A lot of people talk to their hairdresser about things they don’t talk to anyone else about. Maybe for those people, not going to the hairdressers is as detrimental as not seeing their therapist, or worse.
Another group of people to add to my meditation. Those who have no one to talk to but their hairdressers.
I spend the rest of the day on a couple of Zoom mtgs and planning and getting the word out about various upcoming teaching gigs. Before I know it’s five o’clock and the doorbell’s ringing. I remember my exchange with Christian from the night before.
I head out the door and to my delight, he is exactly as I pictured him; a warm, bright smile, kind eyes, and an easy-going manner. It feels strange not to shake his hand so instead we work harder with our eyes.
He’s a free-lance photographer who’s lost most of his work. He started the project as a way to stay busy and keep taking photos, something he can’t imagine stopping doing anyhow. He asks me where I’m from and I tell him and then we’re on to the topic of Evering Road. He wants to know how long we’ve lived here and what we think of the neighborhood.

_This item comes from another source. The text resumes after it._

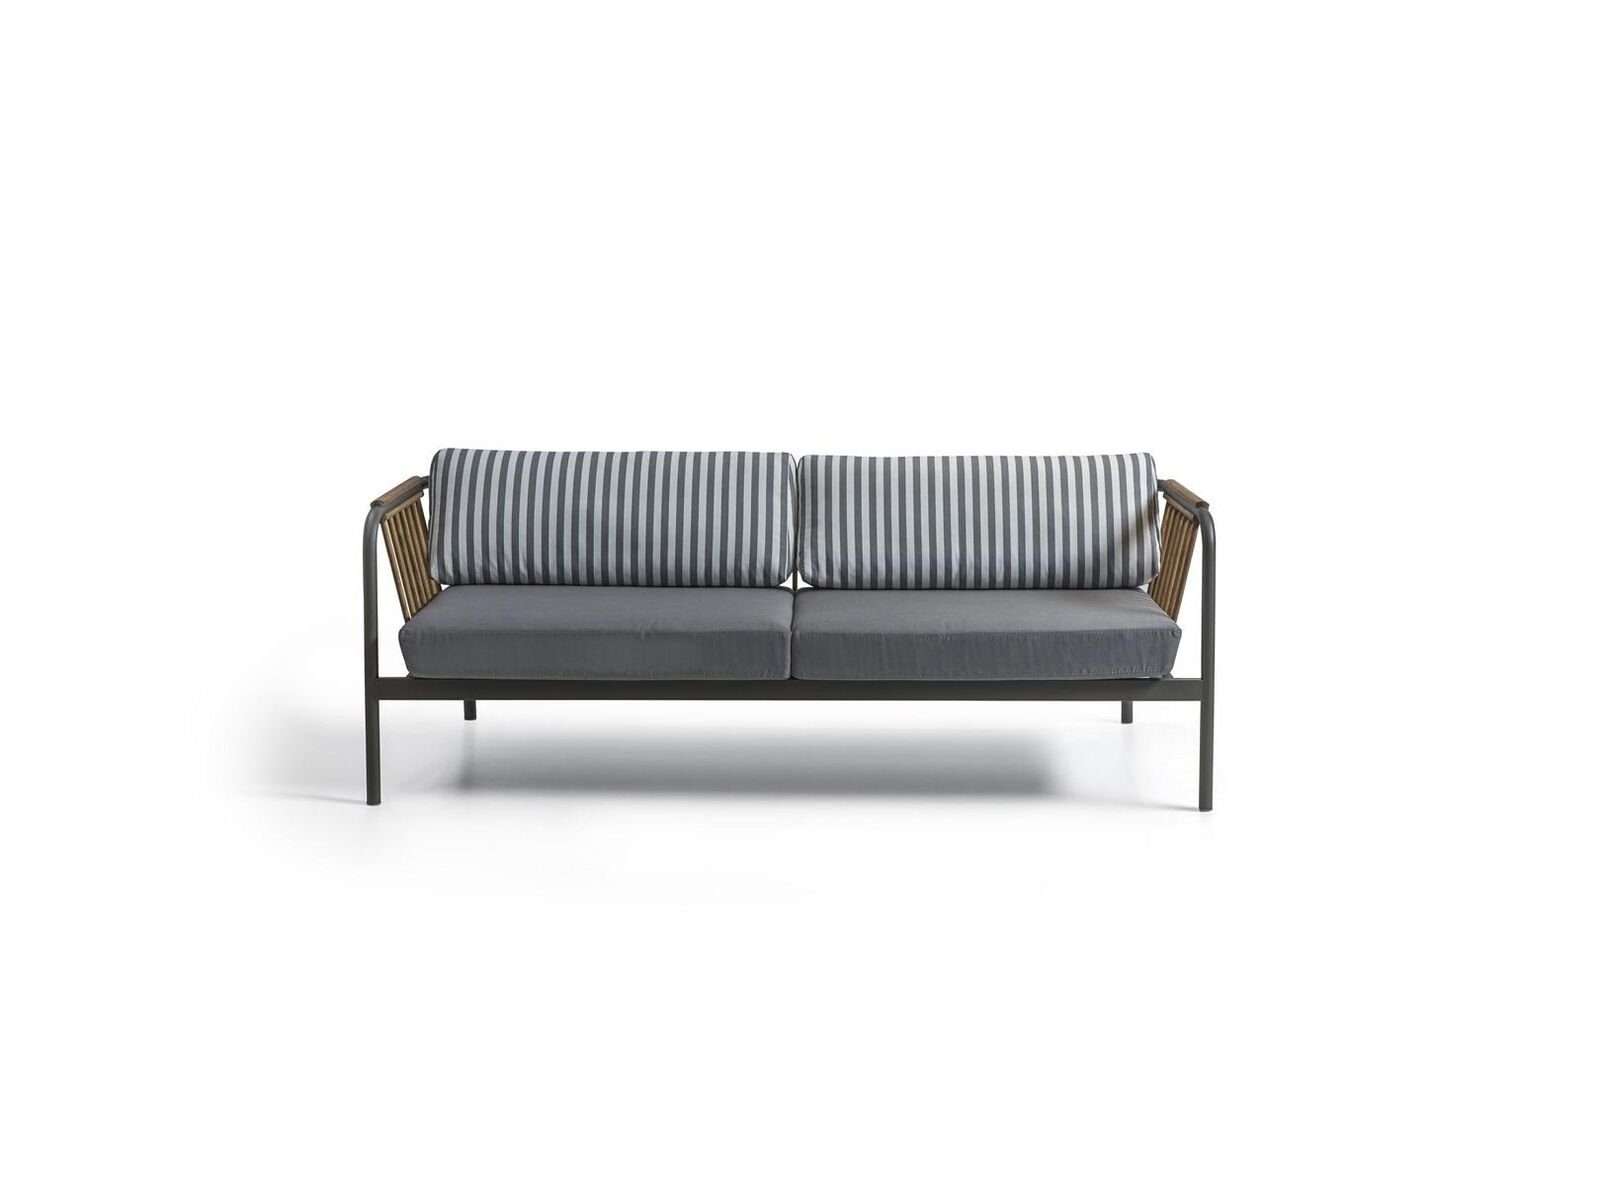 JVmoebel Europa Sofa Dreisitzer Luxus Design Polster Moderne Couch Möbel in Sofa Polstermöbel, Made

My partner’s only got a 30 minute window between Zoom mtgs so we quickly strike a few different poses out on the street, in front of our building, and on the doorstep.
Towards the end he’s got us sitting on the cement piling to the right of the doorsteps, my legs out in front of me, my partner sat behind with their arms around me and we’ve finally relaxed a bit and are smiling and laughing. He gets some good shots and is happy.

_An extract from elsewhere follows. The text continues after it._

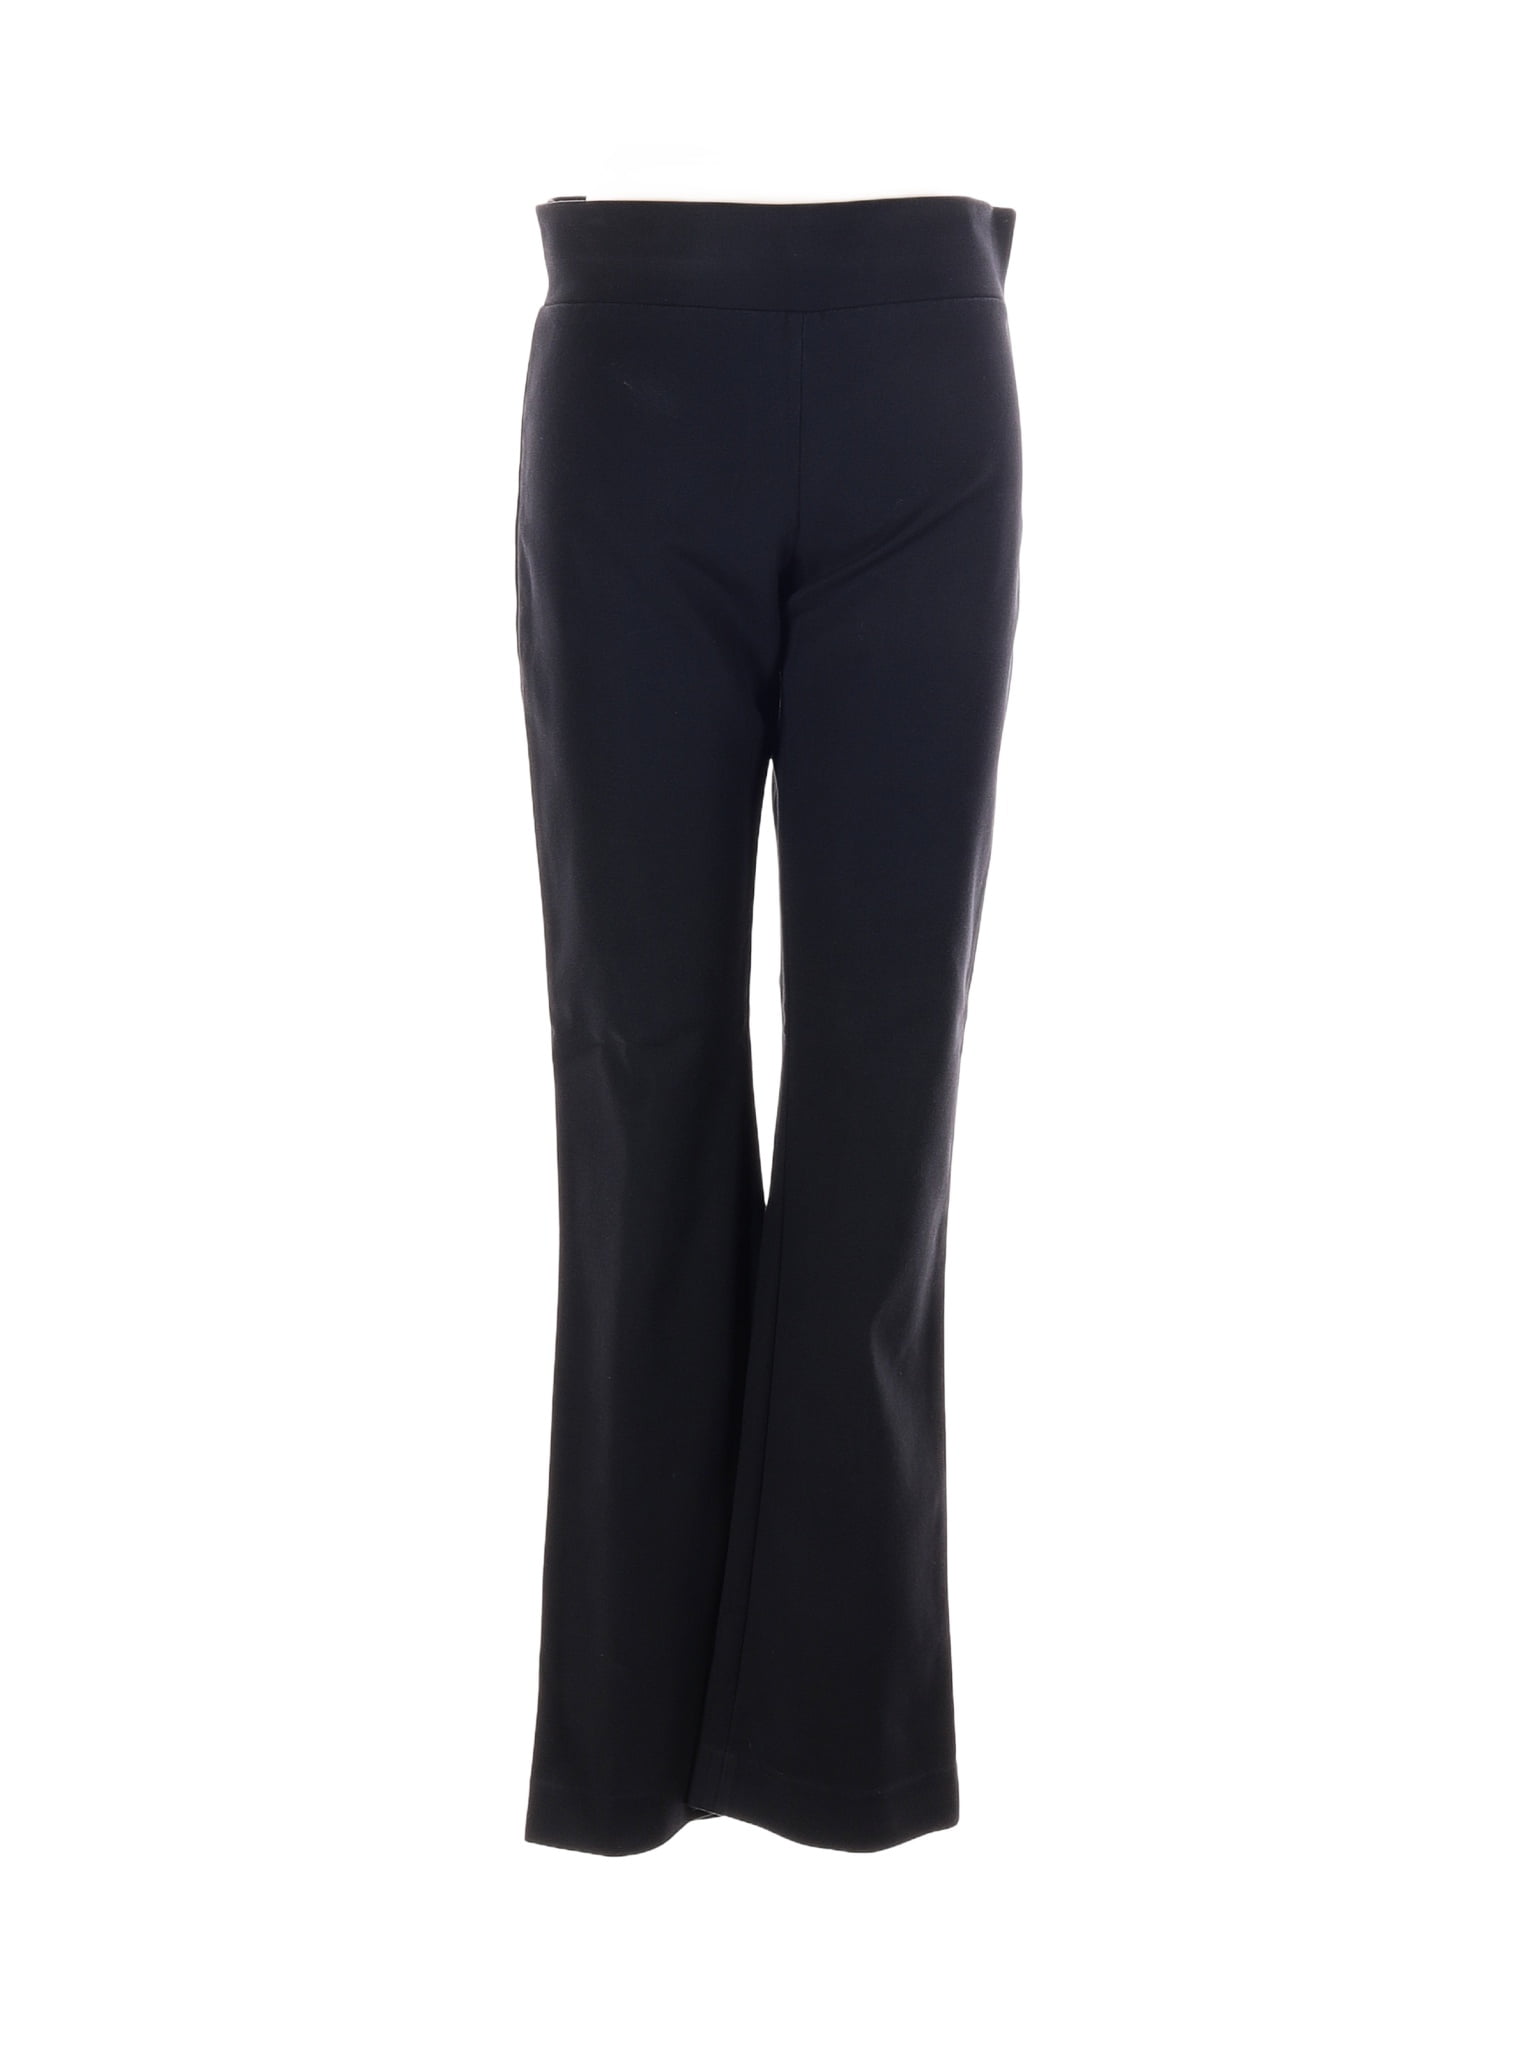 Elliott Lauren Solid Black Casual Pants Size 8 - 84% off | thredUP

As he turns to walk away I tell him that when this is all over we’ll have to have him and his girlfriend over for dinner. He lights up one last time.
As we walk back into our building our upstairs neighbor’s stood in the hallway. She’s got her hair done in cute little braids and is fixing a horn to the handlebars of her new, turquoise bicycle with a basket at the front. She tells us the horn was a gift and gives it a squeeze.

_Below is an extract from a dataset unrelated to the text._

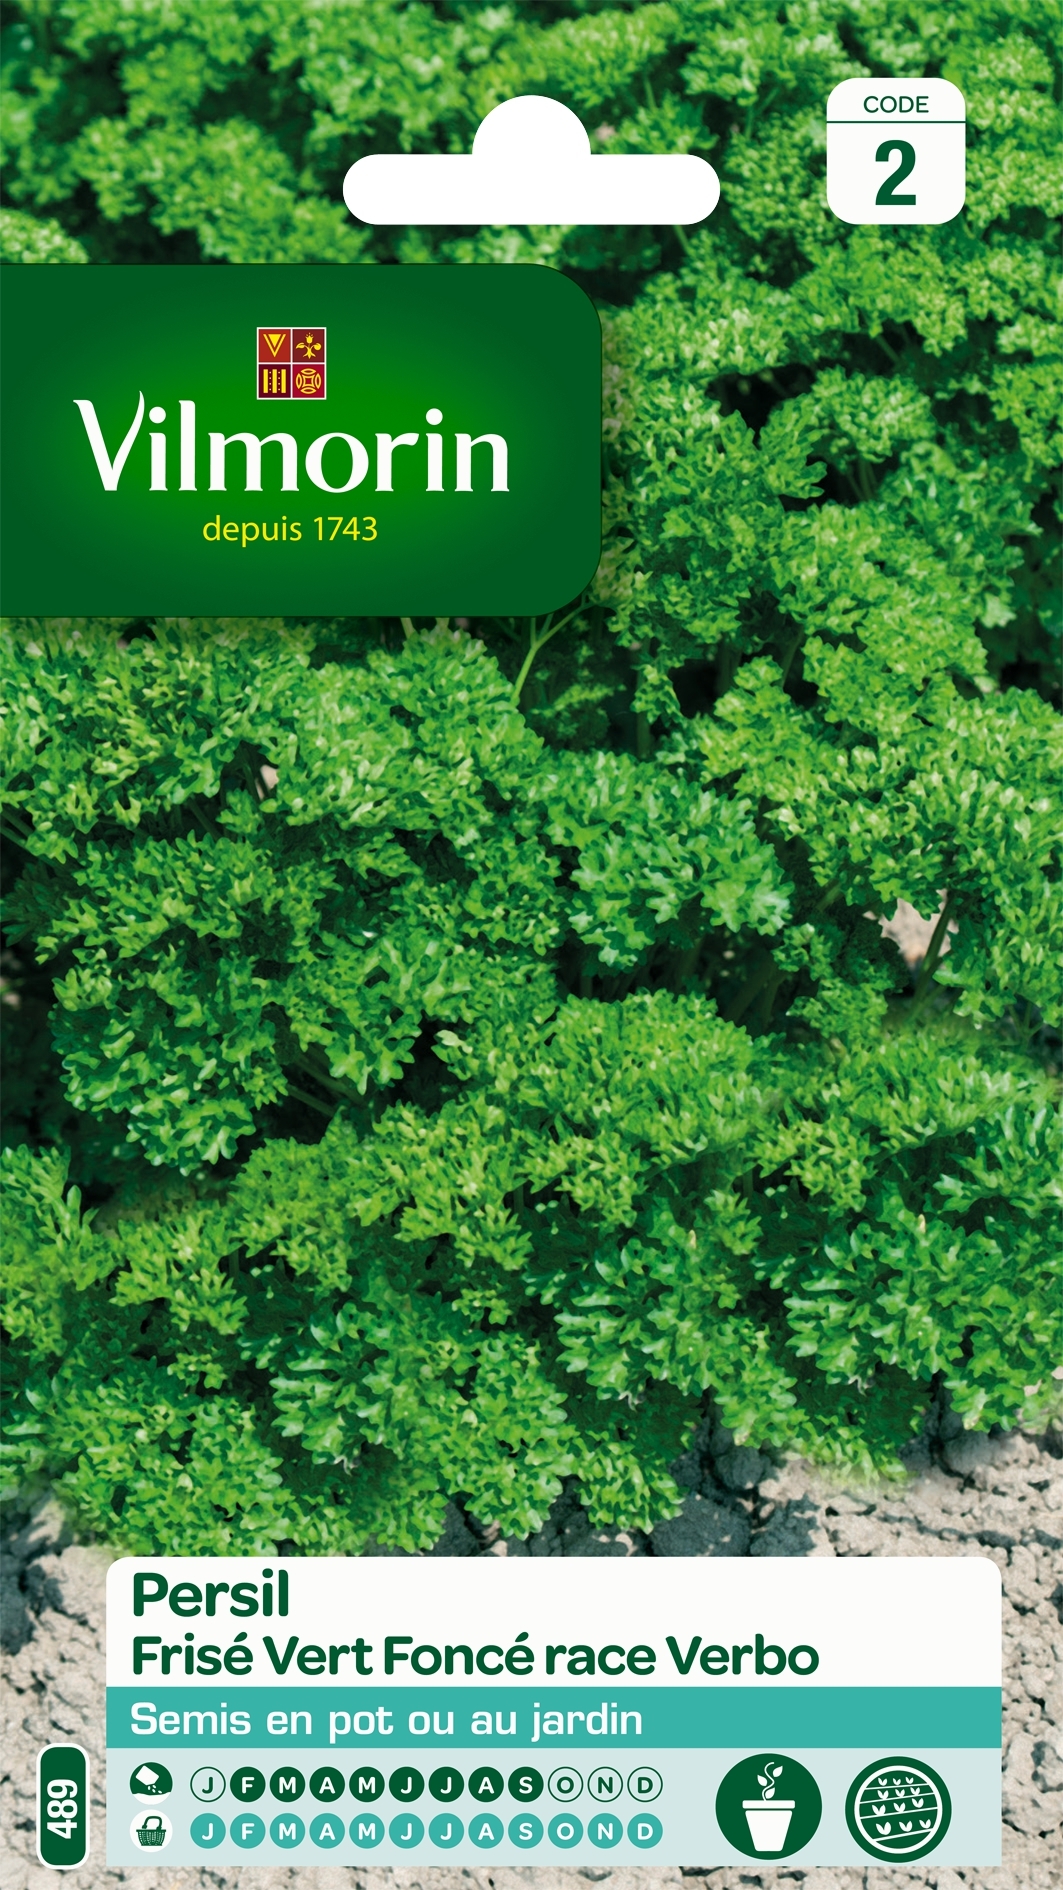 Persil frisé race Verbo (sélection Vilmorin) - Vilmorin

We have dinner, watch half a thriller and then it’s time once again for family cocktail hour. My Dad’s gone and invited my step-brother who lives in Maine and voted for Trump. He’s telling us all about the half a pig and half a cow he’s recently purchased.
My Dad mentions that the death rate in Massachusetts is not going down and wonder’s out loud if this thing is ever going away. My sister looks pensive, sat with her arms crossed, lips pursed. They’re not on stay at home orders yet, but could be soon.
Meanwhile my four-year-old niece has changed the name on their screen to every letter of the alphabet mixed with every number on the key board and is laughing hysterically. Her mom and dad have taken to joining the call from separate rooms. A sort of divide and conquer strategy which doesn’t really work when you have two kids. The next thing I know my 6-year-old nephew is running around naked in the background.
It’s almost mid-night when I finally throw in the towel, make my sister the host, and wave my family good-bye.